Of course, it did not last. Moyes was too hesitant, too human, too wedded to his long-term plan and seemed to be unaware that United were, after all, a sacking club which had grown terrified of what was happening in the short-term.
“You don’t get offered those big jobs – Real Madrid, Barcelona, Manchester United – for no reason,” he said when he arrived at Sunderland.
“I didn’t win enough football matches but you must say there were mitigating circumstances. And I think you could say there are maybe things which have gone on since then that would actually justify that even more so. What my time at Manchester United gave me is an unbelievable idea of what it is at the top. I believe that’s where I can work and that’s where I should be working, and my level is that.”
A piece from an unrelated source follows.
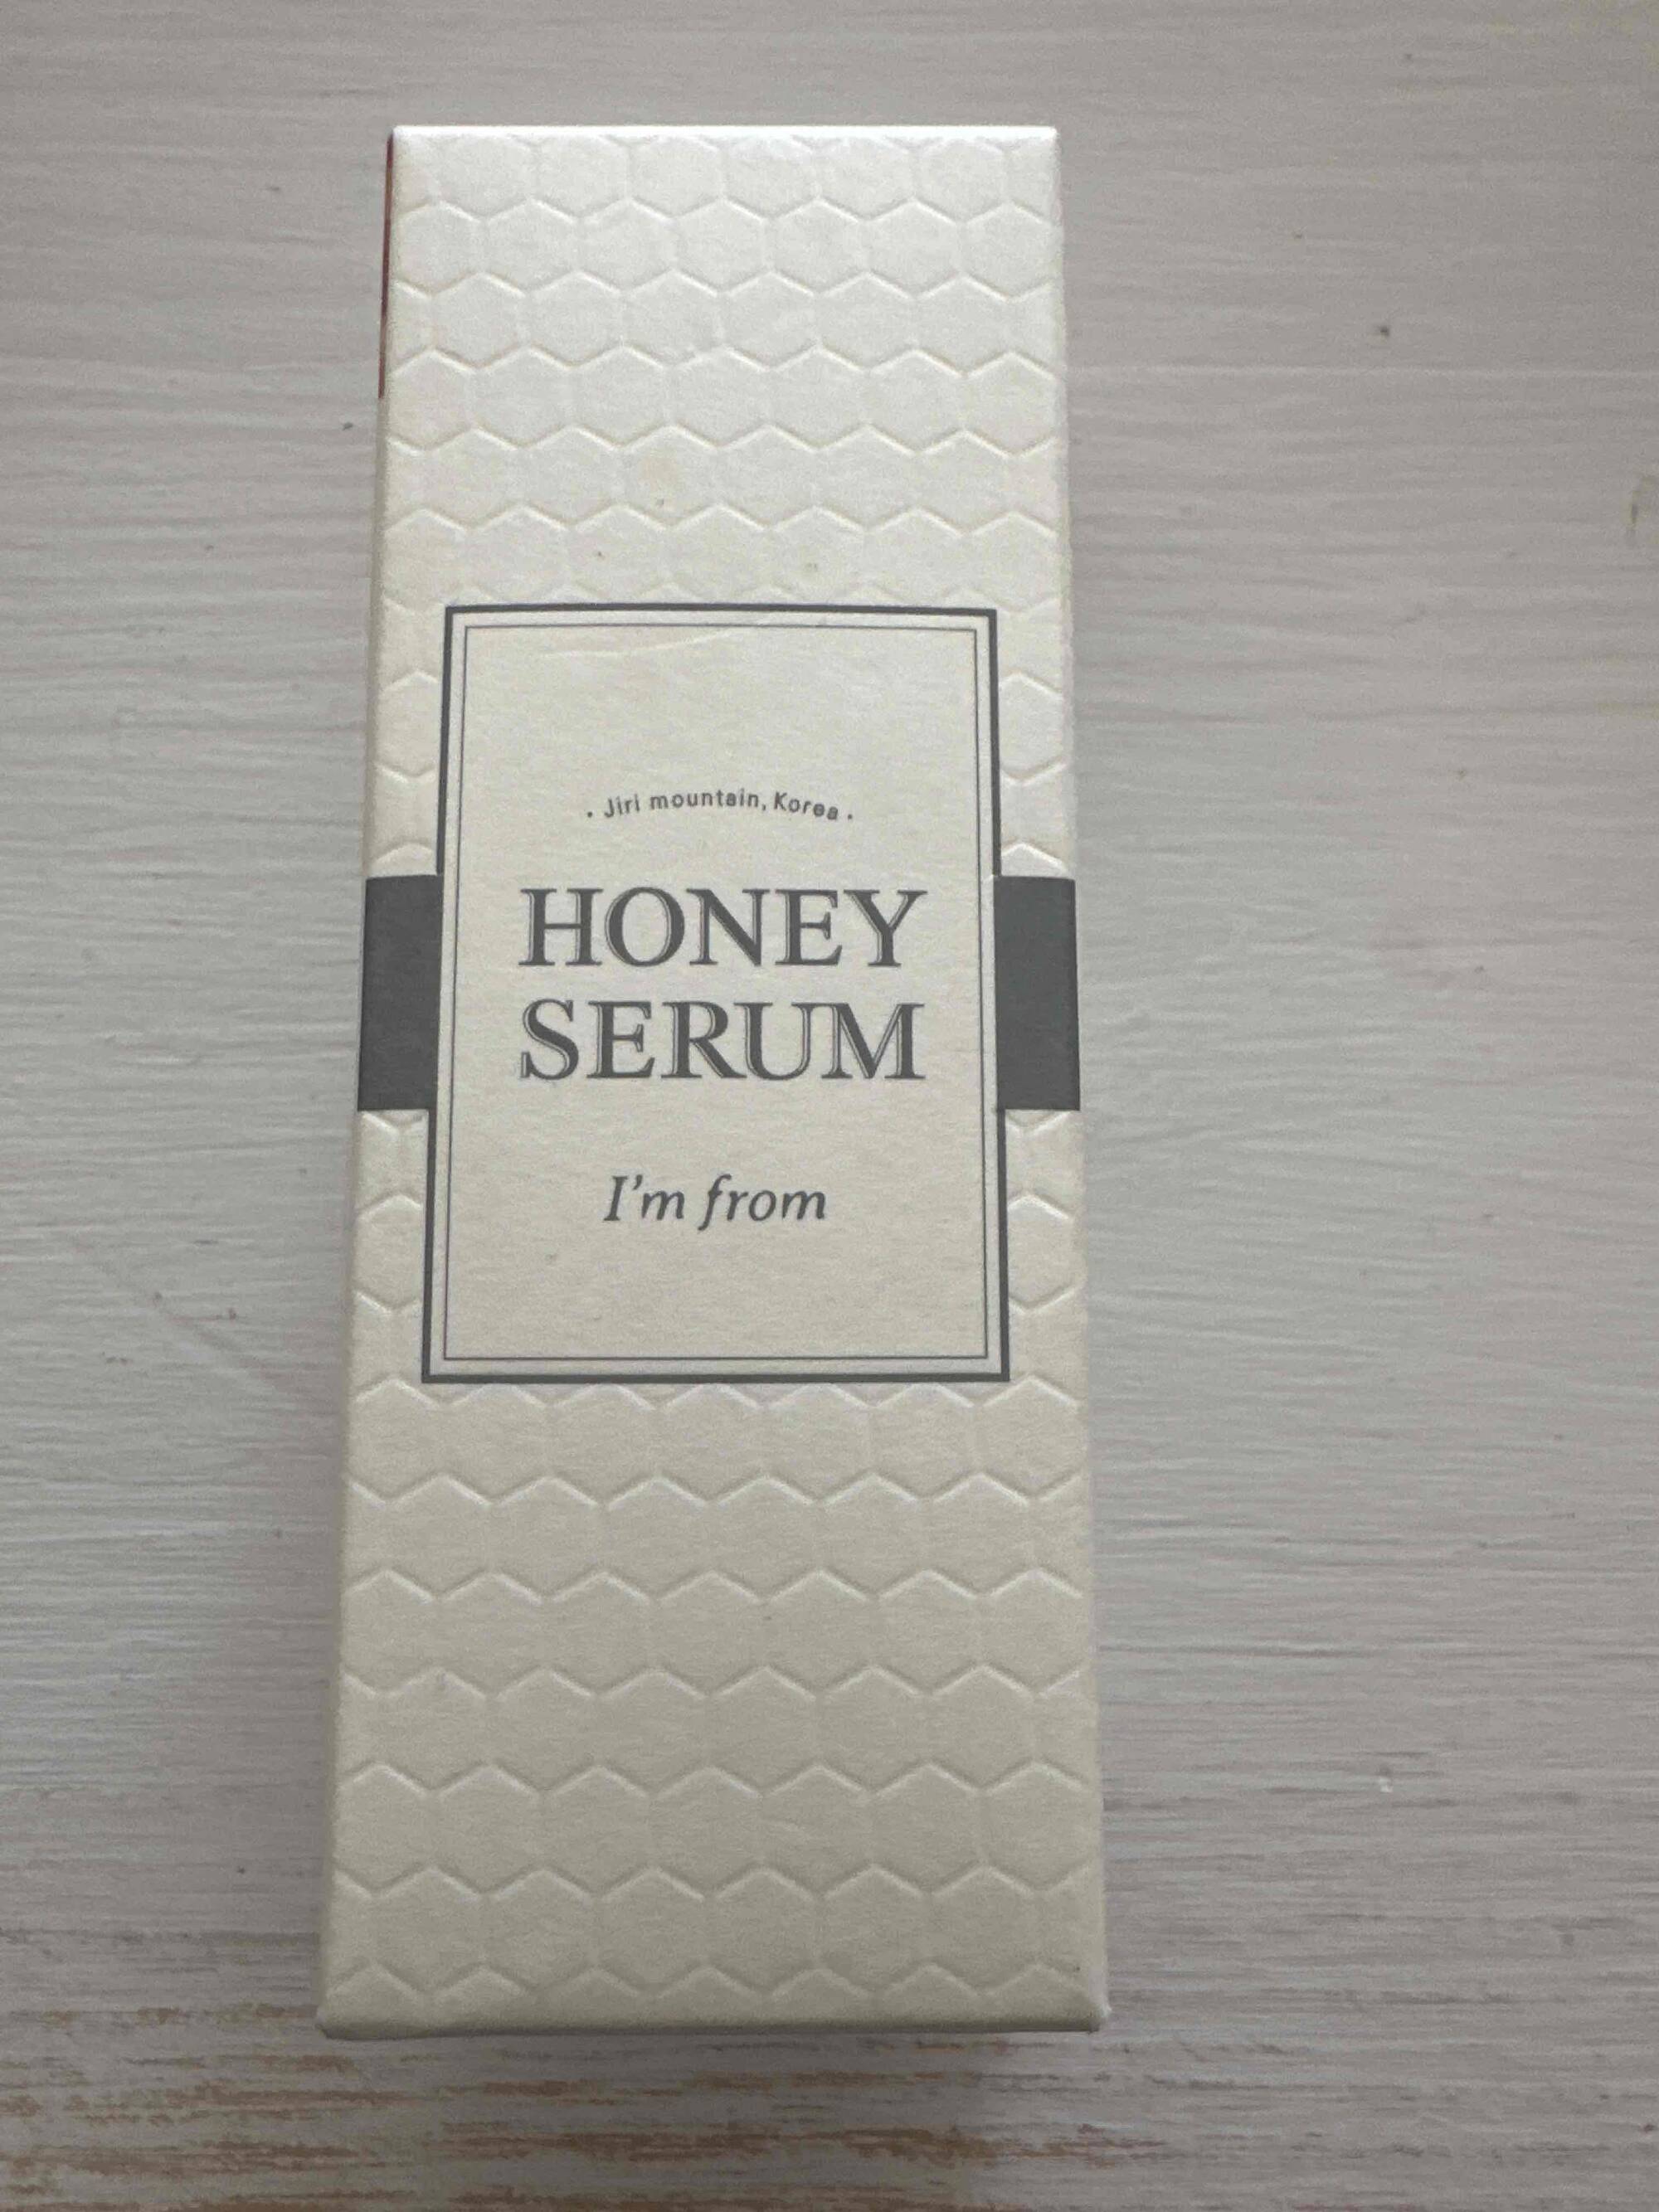 I'M FROM - Honey serum

Yet everything he does now takes place in the shadow of his time at Old Trafford. Moyes resembles Graham Taylor in his post-England years, a man trying to overcome the change in perception, the forensic inspection of his methods and the impatience with his cautious ways which now gets misinterpreted as defeatism.
Moyes was asked at the start of the season, what his response would be to those supporters who feared a relegation battle.
“Well, they would probably be right because that’s where they’ve been every other year for the last four years, so why would it suddenly change?”
He may have hoped it would inspire a drive to change it, but for some all it revealed was the Moyes of Manchester United, the Moyes who was mocked by those at the club for his ways. “Is Everton in?” some were said to ask when they arrived at the training ground.
When he spoke last week of the long-term plan it was before Sunderland lost again, this time at West Ham, a club which was once linked to the manager.
Understandably, Moyes complained about the West Ham goal in the 90th minute which had denied his side a point, but the habit of conceding in the final minutes has added to the sense of doom.
Moyes does little to alleviate it, but that is not his way. He is not a song and dance man, a manager who can conjure up a wonderful vision with his management at the centre of it. That, after all, is what Tim Sherwood is for.
Instead he offers a vision of permanence, but it is a vision with little relevance in the modern world. “If I knew I was going to only have 10 months, and not six years, I would have approached the whole job differently,” Moyes said recently of his time at Manchester United.
When Moyes arrived at Sunderland, it was easy to see how the club resembled Everton. But the football world has changed dramatically since then and it may be that wherever he goes from now on, it will always look a little bit like Manchester United.